Zhang Feiyu, Zhang Luyang, Chen Hongxiang, Xie Jiangjian
School of Technology, Beijing Forestry University, Beijing 100083, China.
Entropy (Basel). 2021 Nov 13;23(11):1507. doi: 10.3390/e23111507.
Deep convolutional neural networks (DCNNs) have achieved breakthrough performance on bird species identification using a spectrogram of bird vocalization. Aiming at the imbalance of the bird vocalization dataset, a single feature identification model (SFIM) with residual blocks and modified, weighted, cross-entropy function was proposed. To further improve the identification accuracy, two multi-channel fusion methods were built with three SFIMs. One of these fused the outputs of the feature extraction parts of three SFIMs (feature fusion mode), the other fused the outputs of the classifiers of three SFIMs (result fusion mode).
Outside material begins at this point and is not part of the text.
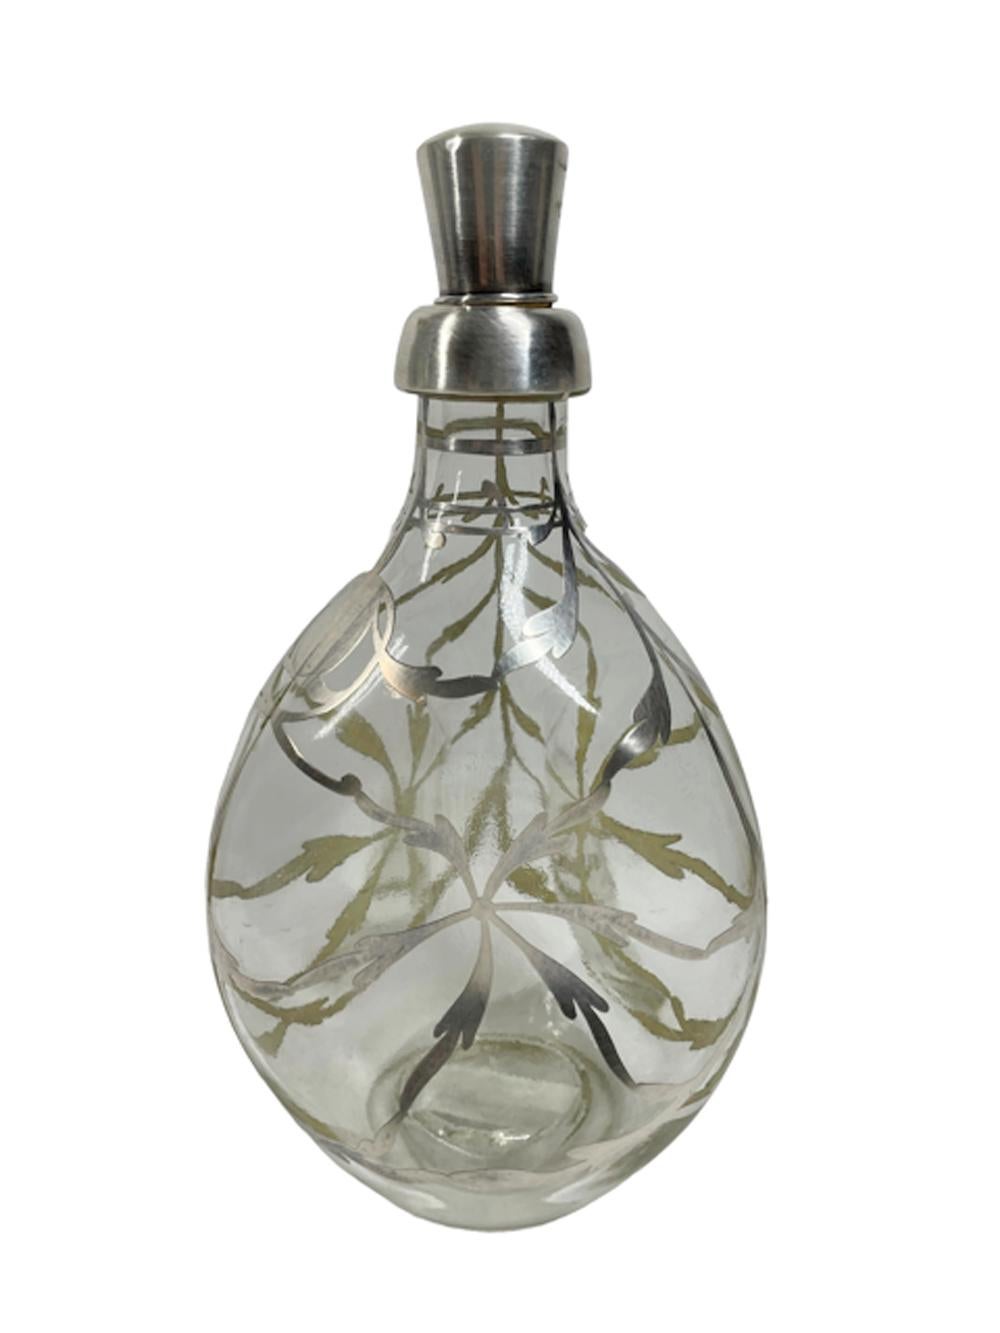 19th Century Art Nouveau Silver Overlay Pinch Decanter with Scrolling Leaf Decoration For Sale

The SFIMs were trained with three different kinds of spectrograms, which were calculated through short-time Fourier transform, mel-frequency cepstrum transform and chirplet transform, respectively. To overcome the shortage of the huge number of trainable model parameters, transfer learning was used in the multi-channel models. Using our own vocalization dataset as a sample set, it is found that the result fusion mode model outperforms the other proposed models, the best mean average precision (MAP) reaches 0.914. Choosing three durations of spectrograms, 100 ms, 300 ms and 500 ms for comparison, the results reveal that the 300 ms duration is the best for our own dataset. The duration is suggested to be determined based on the duration distribution of bird syllables. As for the performance with the training dataset of BirdCLEF2019, the highest classification mean average precision (cmAP) reached 0.135, which means the proposed model has certain generalization ability.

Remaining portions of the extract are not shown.